> [LISTED RECORDS]

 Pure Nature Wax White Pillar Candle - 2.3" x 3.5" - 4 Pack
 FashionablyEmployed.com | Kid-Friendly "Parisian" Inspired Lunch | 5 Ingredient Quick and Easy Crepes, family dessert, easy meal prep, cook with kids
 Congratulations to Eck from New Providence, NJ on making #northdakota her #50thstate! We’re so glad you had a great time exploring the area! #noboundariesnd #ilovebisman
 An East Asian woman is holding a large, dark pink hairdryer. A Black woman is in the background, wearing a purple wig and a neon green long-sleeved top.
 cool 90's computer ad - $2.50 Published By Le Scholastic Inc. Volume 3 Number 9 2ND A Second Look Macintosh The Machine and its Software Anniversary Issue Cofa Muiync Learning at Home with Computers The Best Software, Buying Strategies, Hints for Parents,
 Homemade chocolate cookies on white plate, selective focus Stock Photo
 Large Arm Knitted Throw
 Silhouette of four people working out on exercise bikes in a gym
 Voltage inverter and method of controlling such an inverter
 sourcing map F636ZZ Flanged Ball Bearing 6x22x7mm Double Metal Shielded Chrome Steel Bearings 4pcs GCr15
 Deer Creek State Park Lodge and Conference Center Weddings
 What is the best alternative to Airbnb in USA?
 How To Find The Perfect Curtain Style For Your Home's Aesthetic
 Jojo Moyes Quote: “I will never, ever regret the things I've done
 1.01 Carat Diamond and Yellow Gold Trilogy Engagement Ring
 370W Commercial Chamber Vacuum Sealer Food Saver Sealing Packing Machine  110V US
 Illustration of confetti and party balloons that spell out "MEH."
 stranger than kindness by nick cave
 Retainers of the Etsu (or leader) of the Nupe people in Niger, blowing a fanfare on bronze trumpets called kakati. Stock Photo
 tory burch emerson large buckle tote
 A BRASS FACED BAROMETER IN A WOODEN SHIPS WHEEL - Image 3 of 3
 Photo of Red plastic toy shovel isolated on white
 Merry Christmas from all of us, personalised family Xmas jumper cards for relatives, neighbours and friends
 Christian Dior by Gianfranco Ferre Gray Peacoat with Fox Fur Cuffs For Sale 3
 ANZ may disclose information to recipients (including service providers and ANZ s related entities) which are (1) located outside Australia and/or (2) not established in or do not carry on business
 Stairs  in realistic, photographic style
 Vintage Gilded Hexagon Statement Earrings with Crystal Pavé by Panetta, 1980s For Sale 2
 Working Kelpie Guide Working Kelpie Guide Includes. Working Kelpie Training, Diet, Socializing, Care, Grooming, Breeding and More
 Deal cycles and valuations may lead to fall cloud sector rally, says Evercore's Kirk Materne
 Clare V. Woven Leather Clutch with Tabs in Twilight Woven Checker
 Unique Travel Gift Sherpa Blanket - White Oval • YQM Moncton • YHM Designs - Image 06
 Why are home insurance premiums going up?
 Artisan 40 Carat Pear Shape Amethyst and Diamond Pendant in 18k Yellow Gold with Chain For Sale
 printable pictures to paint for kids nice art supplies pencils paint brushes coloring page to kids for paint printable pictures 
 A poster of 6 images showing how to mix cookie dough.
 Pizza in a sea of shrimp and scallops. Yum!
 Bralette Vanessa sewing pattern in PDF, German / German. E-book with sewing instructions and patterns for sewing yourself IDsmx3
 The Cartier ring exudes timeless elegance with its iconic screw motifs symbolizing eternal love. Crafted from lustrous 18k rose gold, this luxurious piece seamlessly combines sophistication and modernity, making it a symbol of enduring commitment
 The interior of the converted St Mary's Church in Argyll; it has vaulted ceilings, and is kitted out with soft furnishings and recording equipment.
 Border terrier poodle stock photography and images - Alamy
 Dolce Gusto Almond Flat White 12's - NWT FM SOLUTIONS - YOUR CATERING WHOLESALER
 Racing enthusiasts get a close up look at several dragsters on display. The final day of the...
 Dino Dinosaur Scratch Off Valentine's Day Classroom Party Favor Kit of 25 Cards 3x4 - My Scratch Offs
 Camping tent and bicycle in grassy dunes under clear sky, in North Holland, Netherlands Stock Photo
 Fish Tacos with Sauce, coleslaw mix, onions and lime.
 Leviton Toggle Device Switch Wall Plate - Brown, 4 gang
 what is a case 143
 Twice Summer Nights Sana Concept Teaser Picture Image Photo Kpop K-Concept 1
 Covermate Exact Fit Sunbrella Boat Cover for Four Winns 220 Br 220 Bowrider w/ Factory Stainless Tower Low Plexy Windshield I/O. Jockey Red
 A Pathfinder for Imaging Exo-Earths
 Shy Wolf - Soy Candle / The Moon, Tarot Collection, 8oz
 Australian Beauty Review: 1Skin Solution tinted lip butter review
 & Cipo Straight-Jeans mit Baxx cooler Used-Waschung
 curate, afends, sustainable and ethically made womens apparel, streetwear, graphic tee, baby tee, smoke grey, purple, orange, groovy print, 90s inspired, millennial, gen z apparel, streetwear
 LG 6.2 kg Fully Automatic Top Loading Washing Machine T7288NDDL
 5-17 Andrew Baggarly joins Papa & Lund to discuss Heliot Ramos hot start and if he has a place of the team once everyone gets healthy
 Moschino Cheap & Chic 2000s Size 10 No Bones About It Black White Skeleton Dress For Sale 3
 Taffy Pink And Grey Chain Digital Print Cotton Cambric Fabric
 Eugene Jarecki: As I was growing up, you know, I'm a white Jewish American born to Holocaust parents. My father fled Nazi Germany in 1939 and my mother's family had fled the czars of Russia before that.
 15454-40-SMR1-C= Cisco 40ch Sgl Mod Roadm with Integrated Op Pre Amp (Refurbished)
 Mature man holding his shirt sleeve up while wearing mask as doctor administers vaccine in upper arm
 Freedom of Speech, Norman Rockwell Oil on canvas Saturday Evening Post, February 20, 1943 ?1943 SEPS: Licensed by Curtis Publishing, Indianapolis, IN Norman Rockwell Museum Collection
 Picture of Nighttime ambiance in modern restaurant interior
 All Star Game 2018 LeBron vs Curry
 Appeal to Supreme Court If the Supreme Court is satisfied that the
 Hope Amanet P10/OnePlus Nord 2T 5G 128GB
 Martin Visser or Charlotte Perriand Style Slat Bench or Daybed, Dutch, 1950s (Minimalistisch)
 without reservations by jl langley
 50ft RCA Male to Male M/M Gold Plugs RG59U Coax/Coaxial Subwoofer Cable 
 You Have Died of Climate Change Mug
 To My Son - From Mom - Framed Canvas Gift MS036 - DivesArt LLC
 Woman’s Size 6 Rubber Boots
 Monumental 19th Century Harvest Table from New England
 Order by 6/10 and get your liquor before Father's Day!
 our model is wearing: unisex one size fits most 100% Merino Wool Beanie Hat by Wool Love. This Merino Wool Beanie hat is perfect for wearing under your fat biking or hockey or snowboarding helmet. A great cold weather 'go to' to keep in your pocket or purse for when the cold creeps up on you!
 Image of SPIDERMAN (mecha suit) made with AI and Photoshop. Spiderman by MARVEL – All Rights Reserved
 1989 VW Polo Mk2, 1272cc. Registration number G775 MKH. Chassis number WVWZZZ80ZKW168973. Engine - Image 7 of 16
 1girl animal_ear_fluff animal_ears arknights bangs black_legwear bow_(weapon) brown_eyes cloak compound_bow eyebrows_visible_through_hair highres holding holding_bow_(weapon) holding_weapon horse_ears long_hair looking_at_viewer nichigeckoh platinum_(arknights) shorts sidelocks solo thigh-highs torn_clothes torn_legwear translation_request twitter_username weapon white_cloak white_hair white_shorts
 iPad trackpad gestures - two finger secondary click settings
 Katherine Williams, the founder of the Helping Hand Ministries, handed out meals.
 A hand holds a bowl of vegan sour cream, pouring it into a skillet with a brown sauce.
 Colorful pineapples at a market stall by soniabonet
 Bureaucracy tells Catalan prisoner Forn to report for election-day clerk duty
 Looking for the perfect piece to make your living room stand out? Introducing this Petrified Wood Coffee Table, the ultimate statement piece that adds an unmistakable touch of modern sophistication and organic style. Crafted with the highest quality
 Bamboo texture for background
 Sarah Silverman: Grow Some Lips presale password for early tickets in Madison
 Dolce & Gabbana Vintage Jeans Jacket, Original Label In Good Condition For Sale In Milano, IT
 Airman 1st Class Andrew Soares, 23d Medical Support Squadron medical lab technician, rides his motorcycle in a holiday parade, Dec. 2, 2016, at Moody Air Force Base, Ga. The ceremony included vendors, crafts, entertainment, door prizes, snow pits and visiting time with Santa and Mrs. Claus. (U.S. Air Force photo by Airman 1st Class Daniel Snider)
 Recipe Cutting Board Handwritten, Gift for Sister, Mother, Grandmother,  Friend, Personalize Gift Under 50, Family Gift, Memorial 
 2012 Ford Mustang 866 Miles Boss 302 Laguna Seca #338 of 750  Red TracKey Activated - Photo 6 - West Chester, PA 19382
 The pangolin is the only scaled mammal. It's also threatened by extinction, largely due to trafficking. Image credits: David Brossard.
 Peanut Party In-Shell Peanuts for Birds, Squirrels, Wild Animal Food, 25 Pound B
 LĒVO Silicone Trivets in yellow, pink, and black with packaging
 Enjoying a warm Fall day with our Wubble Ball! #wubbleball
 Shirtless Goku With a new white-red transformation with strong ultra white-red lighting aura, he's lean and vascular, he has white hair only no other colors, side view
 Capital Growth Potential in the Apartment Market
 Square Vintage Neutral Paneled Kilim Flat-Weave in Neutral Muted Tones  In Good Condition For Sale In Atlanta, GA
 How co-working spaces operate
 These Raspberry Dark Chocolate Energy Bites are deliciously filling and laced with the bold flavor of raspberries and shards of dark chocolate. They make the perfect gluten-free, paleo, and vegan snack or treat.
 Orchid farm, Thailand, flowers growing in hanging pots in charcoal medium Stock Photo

> [YOUR ASSIGNMENT] The answer must consist of every line from the entries above that contains the string "Chain".

> [RESULT OF THE EXERCISE]
 Artisan 40 Carat Pear Shape Amethyst and Diamond Pendant in 18k Yellow Gold with Chain For Sale
 Taffy Pink And Grey Chain Digital Print Cotton Cambric Fabric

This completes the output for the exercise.